Les solutions, une par cause
Chaque cause appelle un chantier différent, et des budgets sans commune mesure. Remontées capillaires : injection de résine hydrophobe (professionnel, 50-100 €/ml) ou drainage périphérique extérieur (lourd et coûteux). Infiltrations localisées : colmatage de fissures (mortier prompt, résine polyuréthane, 50-200 euros pour une zone limitée) ou membrane d'étanchéité intérieure sur dalle (professionnel, 50-100 €/m²). Infiltrations par pression hydrostatique : drainage actif avec puisard et pompe (professionnel, 3 000-10 000 euros). Condensation : déshumidificateur (100-300 euros) et gestion des ouvrants.
Avant tout investissement significatif, faire établir deux ou trois devis par des professionnels spécialisés (entreprises d'étanchéité, pas des généralistes) est indispensable.

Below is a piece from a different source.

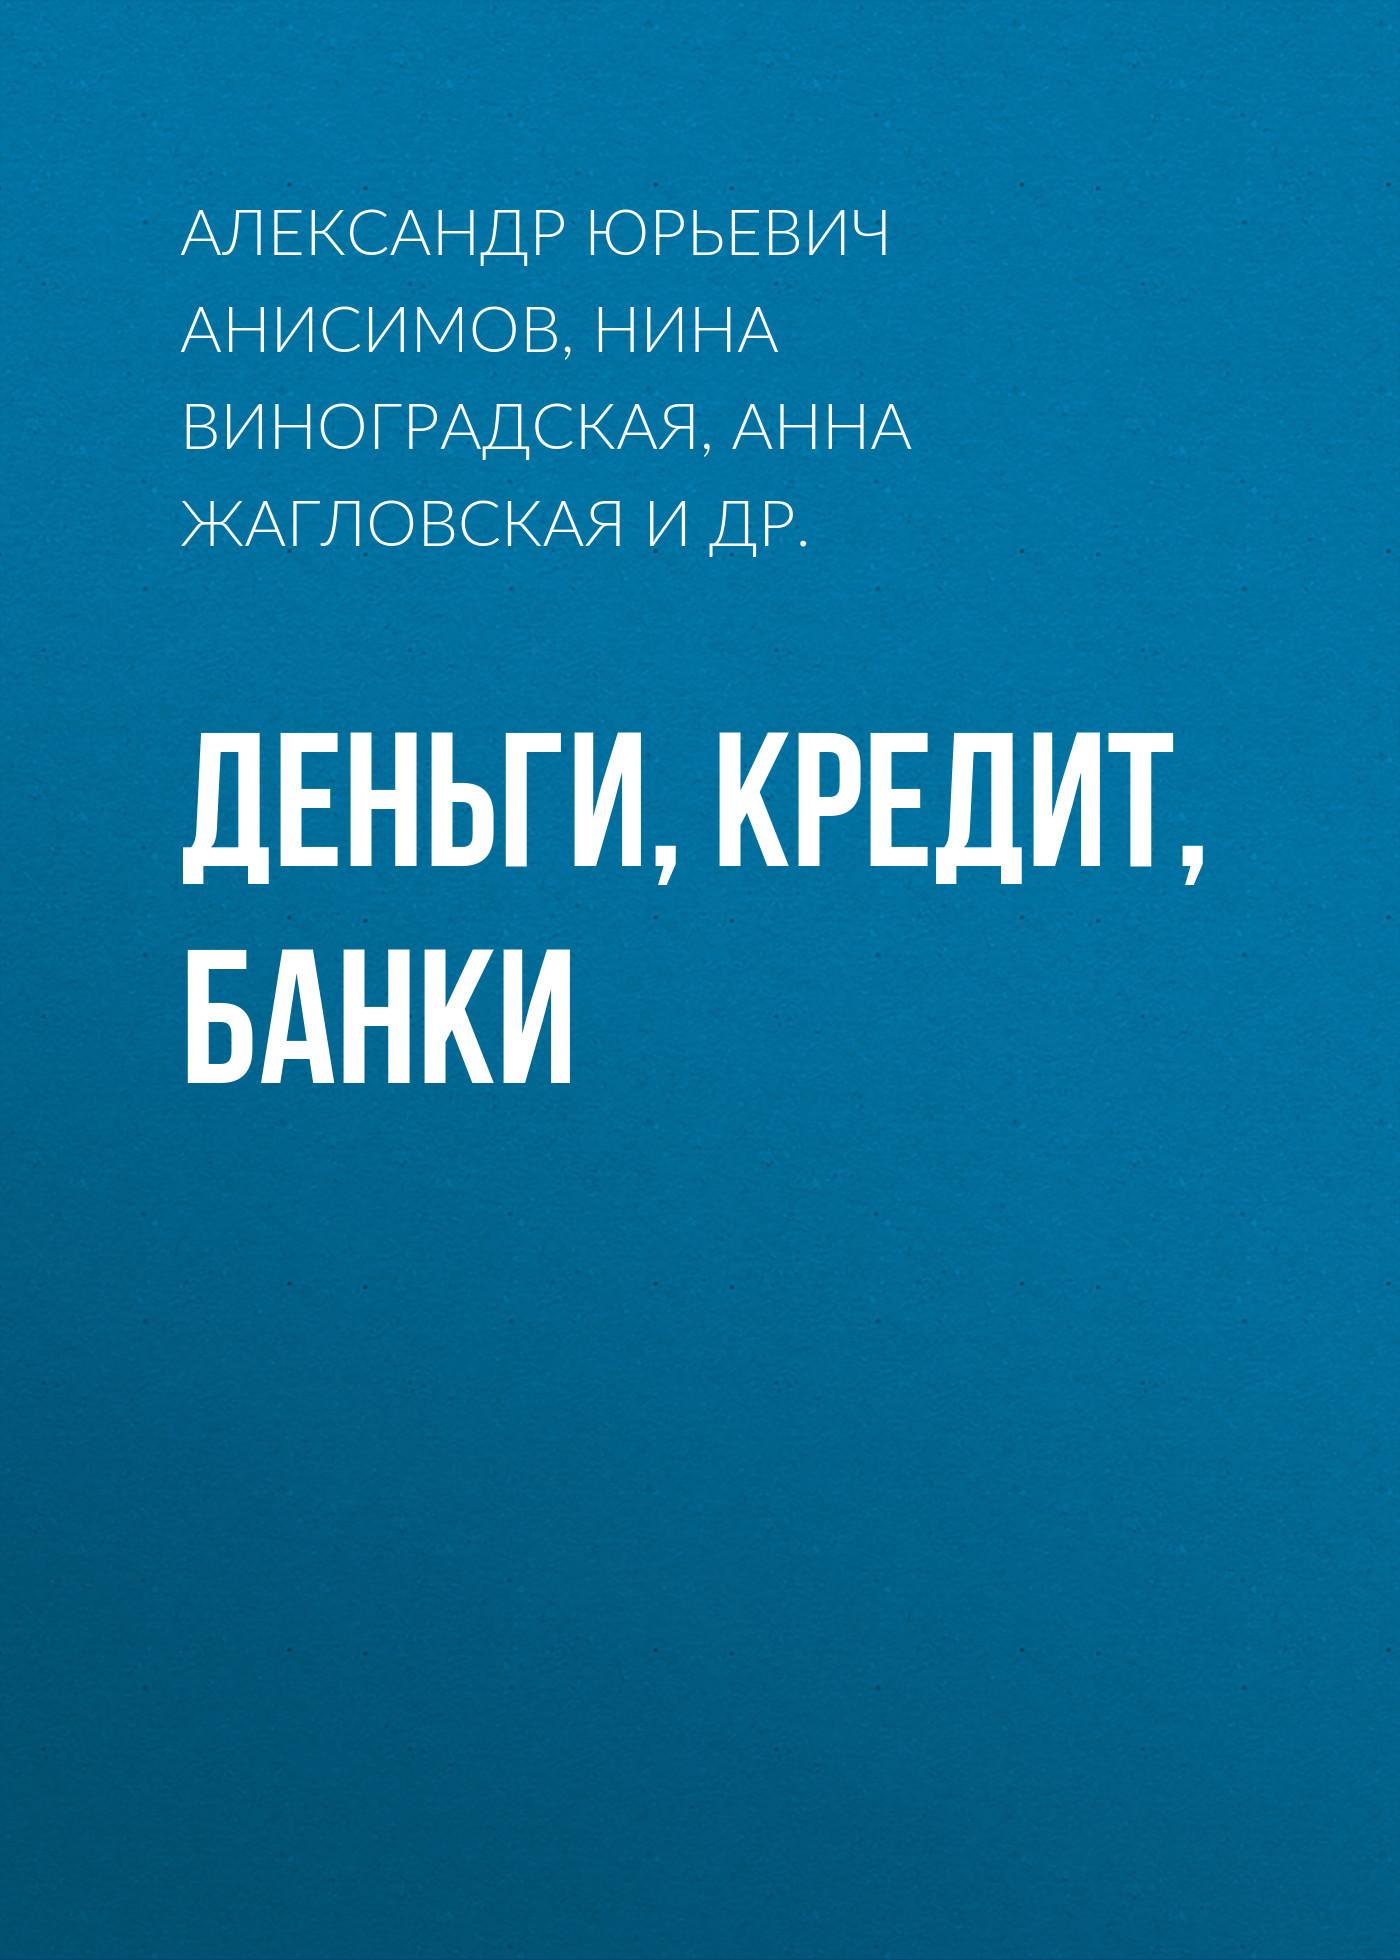 Александр Юрьевич Анисимов Деньги, кредит, банки как в кредит ладу калину хэтчбек челябинск

Le diagnostic professionnel peut être payant (50 à 200 euros) mais est généralement déduit du devis si vous signez. Méfiez-vous des professionnels qui proposent un traitement sans diagnostic sérieux : la vente d'enduit "tout-terrain" à des prix élevés est une pratique courante qui ne résout pas les remontées capillaires ou les infiltrations sous pression.
Lire aussi : Parquet qui grince : les solutions et Peindre un mur sans traces.
Les peintures anti-humidité du commerce sont-elles efficaces ?
Les peintures "anti-humidité" ou "hydrofuges" disponibles en GSB ont une efficacité limitée et temporaire sur les remontées capillaires et les infiltrations sous pression. Elles peuvent imperméabiliser la surface d'un mur contre les projections d'eau ou une humidité de surface légère, mais elles ne résistent pas à la pression de l'eau venant de l'intérieur du mur. En cas de remontées capillaires, la peinture finit par se décoller après quelques mois. Ces produits sont adaptés pour un traitement préventif de surface sur des murs sains, pas pour un traitement curatif d'humidité structurelle.
Un sous-sol humide peut-il être converti en espace habitable ?
Oui, mais les travaux d'étanchéité sont un préalable indispensable avant tout aménagement. Un sous-sol humide non traité dont on cherche à aménager l'intérieur avec des cloisons, des revêtements et une isolation risque de voir ces aménagements se détériorer rapidement (moisissures, décollements, pourriture des matériaux). L'ordre est important : traiter l'humidité à la source, attendre que les murs sèchent complètement (plusieurs mois après les travaux d'étanchéité), puis procéder à l'aménagement intérieur.
L'humidité en cave est-elle couverte par l'assurance habitation ?
Cela dépend de la cause. Une infiltration soudaine due à un événement couvert (inondation, dégât des eaux d'une fuite identifiée, catastrophe naturelle reconnue par arrêté) peut être prise en charge par votre assurance habitation après déclaration de sinistre dans les 5 jours ouvrés. Les infiltrations chroniques liées à la vétusté des murs, les remontées capillaires, ou la condensation sont généralement exclues des garanties car considérées comme relevant de l'entretien normal. Consultez votre contrat et votre assureur pour connaître les conditions précises de votre couverture.
Traiter une cave humide efficacement commence par identifier précisément la cause de l'humidité : la même symptôme visible (murs mouillés) peut avoir trois causes différentes qui nécessitent des traitements opposés. Le test du film plastique et l'observation du comportement de l'humidité selon les saisons et les pluies sont les deux diagnostics de base accessibles à tout propriétaire avant de contacter un professionnel ou d'investir dans des produits de traitement.